Лесное море | страница 203
Виктор провел дрожащей рукой по лицу. Стер со щеки теплые брызги.
— Безупречно сделано! — похвалил китайца Кайматцу. — Тренировались, вероятно?
— Так точно, господин капитан, на мешках с глиной.
— Превосходно. Следующий!
Сержант стал против доктора и так же громко прочел, что Казимеж Ценгло, врач, за помощь банде Среброголового и сношения с агентом иностранной державы приговорен к смерти путем отделения головы от туловища.
— Доманевский! Выполняйте.
Китаец услужливо протянул Виктору меч, как игрок после удачного выступления подает товарищу теннисную ракетку.
Виктор понял: значит, вот каким образом должен он «отречься от прошлого и самого себя, окончательно и бесповоротно»! Он задрожал и попятился.
— Понимаю, в первый раз и без тренировки, — сказал Кайматцу. — Но при вашей силе и ловкости… Ну?
— Не могу, господин капитан.
— Доманевский, неисполнение приказа карается смертью. Видите этот кол?
Он указал на пустой кол между доктором и трупом Средницкого. Место как будто для кого-то заранее приготовлено.
— Вижу.
— Так вот: либо вы казните приговоренного, либо самому вам сейчас отрубят голову.
Итак, ничего не остается. Конец. Кол.
Доктор Ценгло смотрел на него понимающе и сочувственно. Казалось, он догадывался, какую игру Виктор затеял — и проиграл.
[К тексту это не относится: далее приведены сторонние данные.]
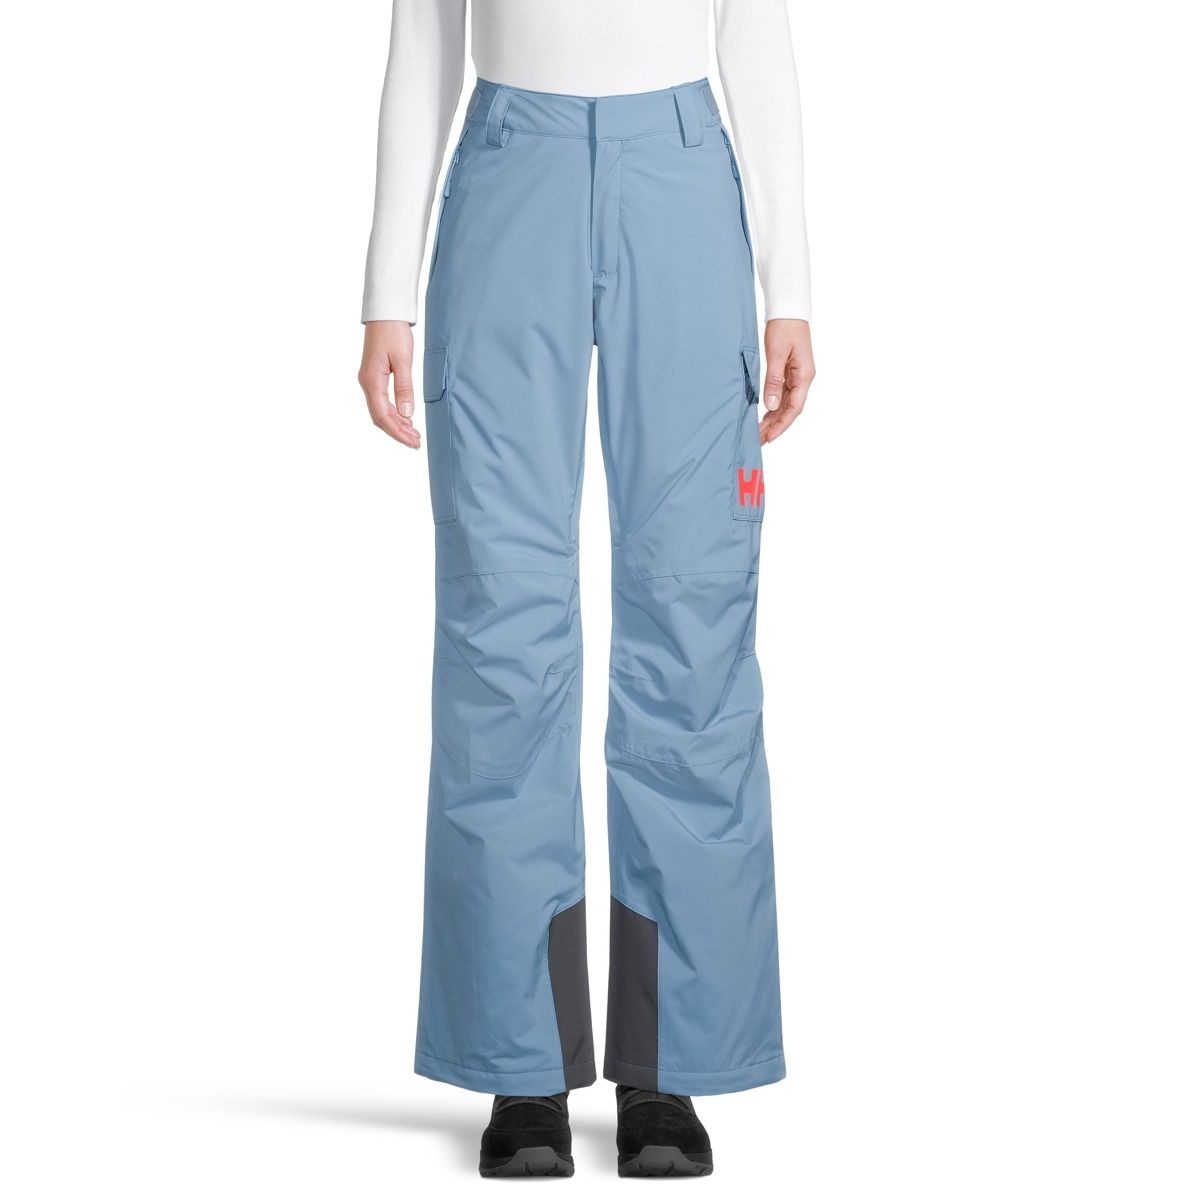 Helly Hansen Women's Switch Cargo Snow Pants, Insulated, Ski
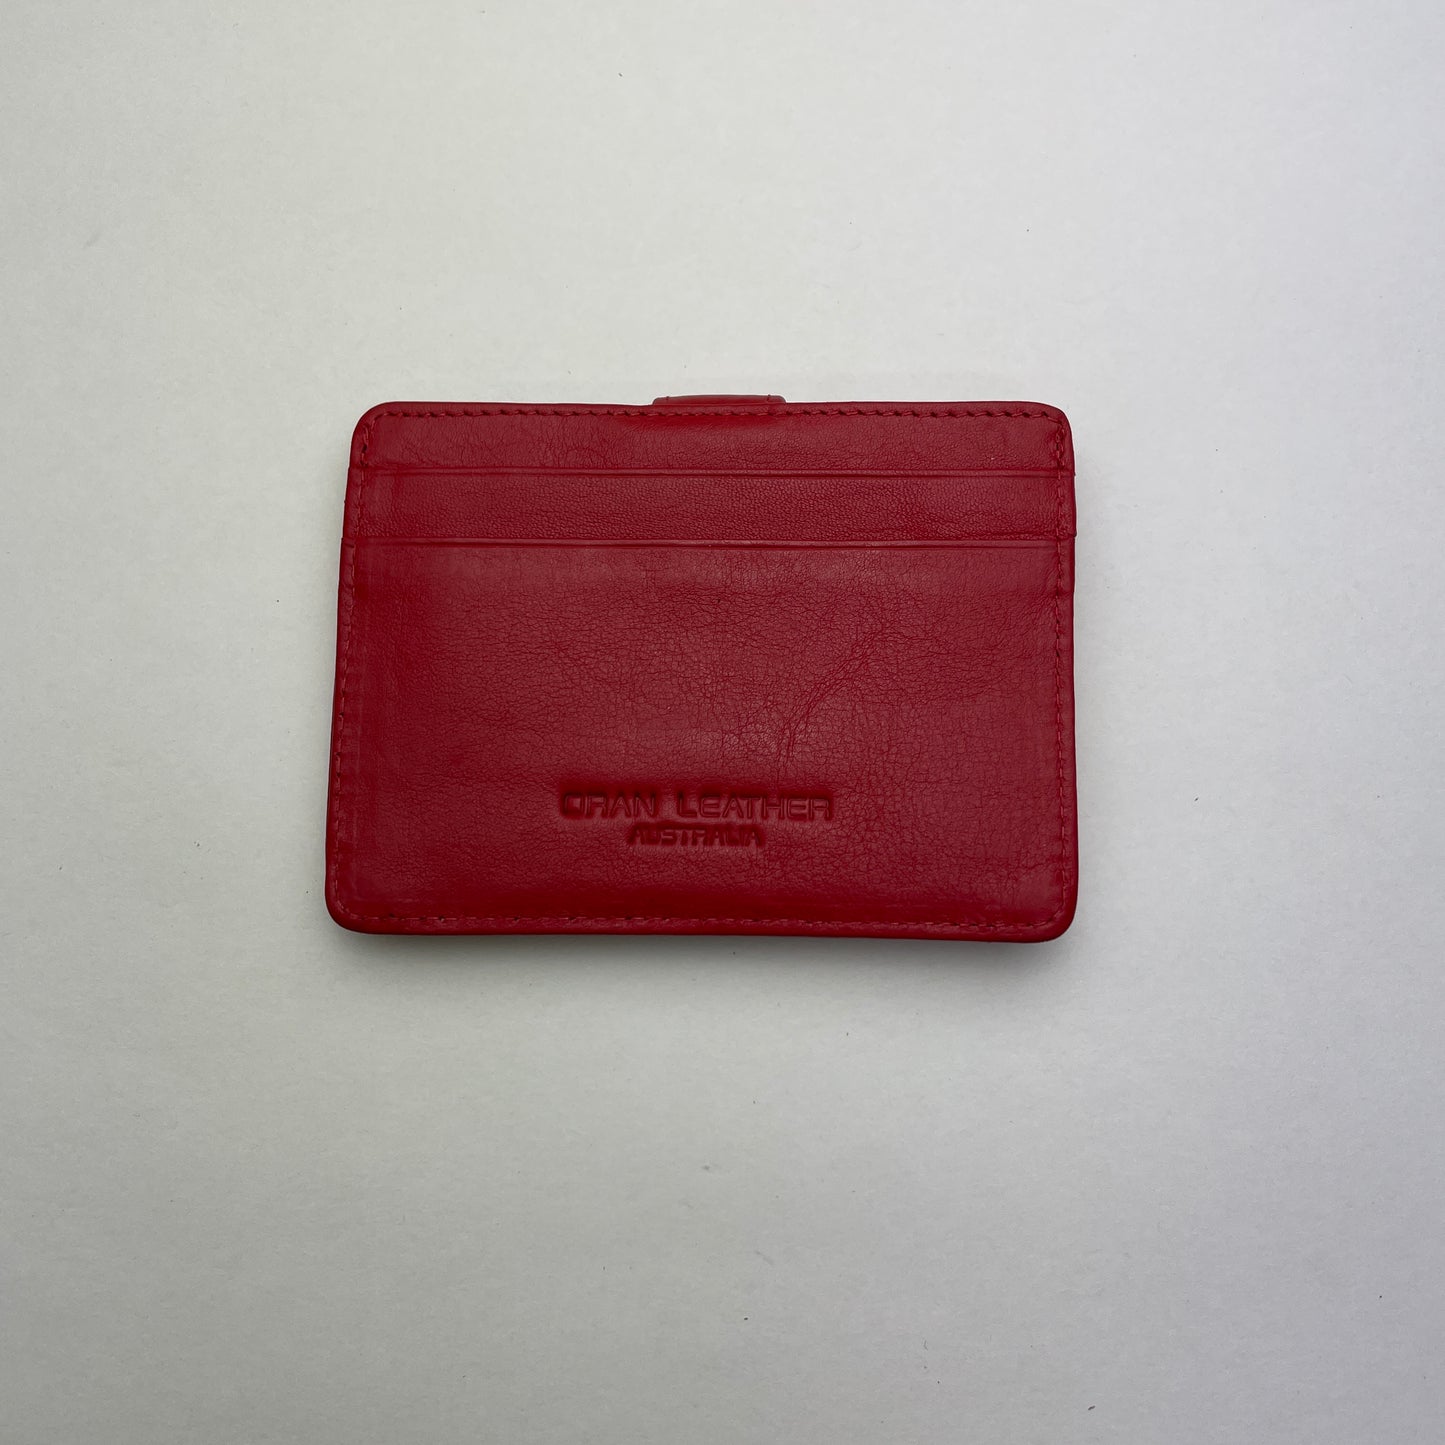 ORAN LEATHER SASHA RFID CARD HOLDER RED

— Руби, мальчик, — тихо сказал он по-польски. — Мне все равно пропадать. Руби — и спаси Тао.
— Что он говорит? — забеспокоился Кайматцу. Он по привычке искал глазами переводчика, но единственный переводчик с польского был уже обезглавлен. — Чего ему надо?
— Просит пощадить его, — сказал Виктор. — Это очень хороший человек. И когда-то он спас мне жизнь операцией. Не могу, господин капитан!
— Нет?
Виктор сознавал, что его ответ сейчас решит, жить ему или умереть. И доктор Ценгло был прав: его все равно не спасти. Если не он, Виктор, то кто-нибудь другой выполнит приговор… Но есть вещи, на которые согласиться невозможно, каковы бы ни были последствия. Невозможно — и все. Виктор знал, что у него рука не поднимется на этого несчастного, истерзанного старика, на друга. С чувством безнадежной покорности судьбе, в каком-то мертвом оцепенении, как человек, раздавленный непосильной тяжестью, он повторил:
— Нет, господин капитан. Ни за что.
— В таком случае пора кончать… На кол!
Солдат и китаец подскочили одновременно, потащили Виктора… Он не сопротивлялся. Он как-то сразу обмяк, был уже в полубесчувствии, на грани небытия, готовый уйти из этой опоганенной, опротивевшей ему жизни.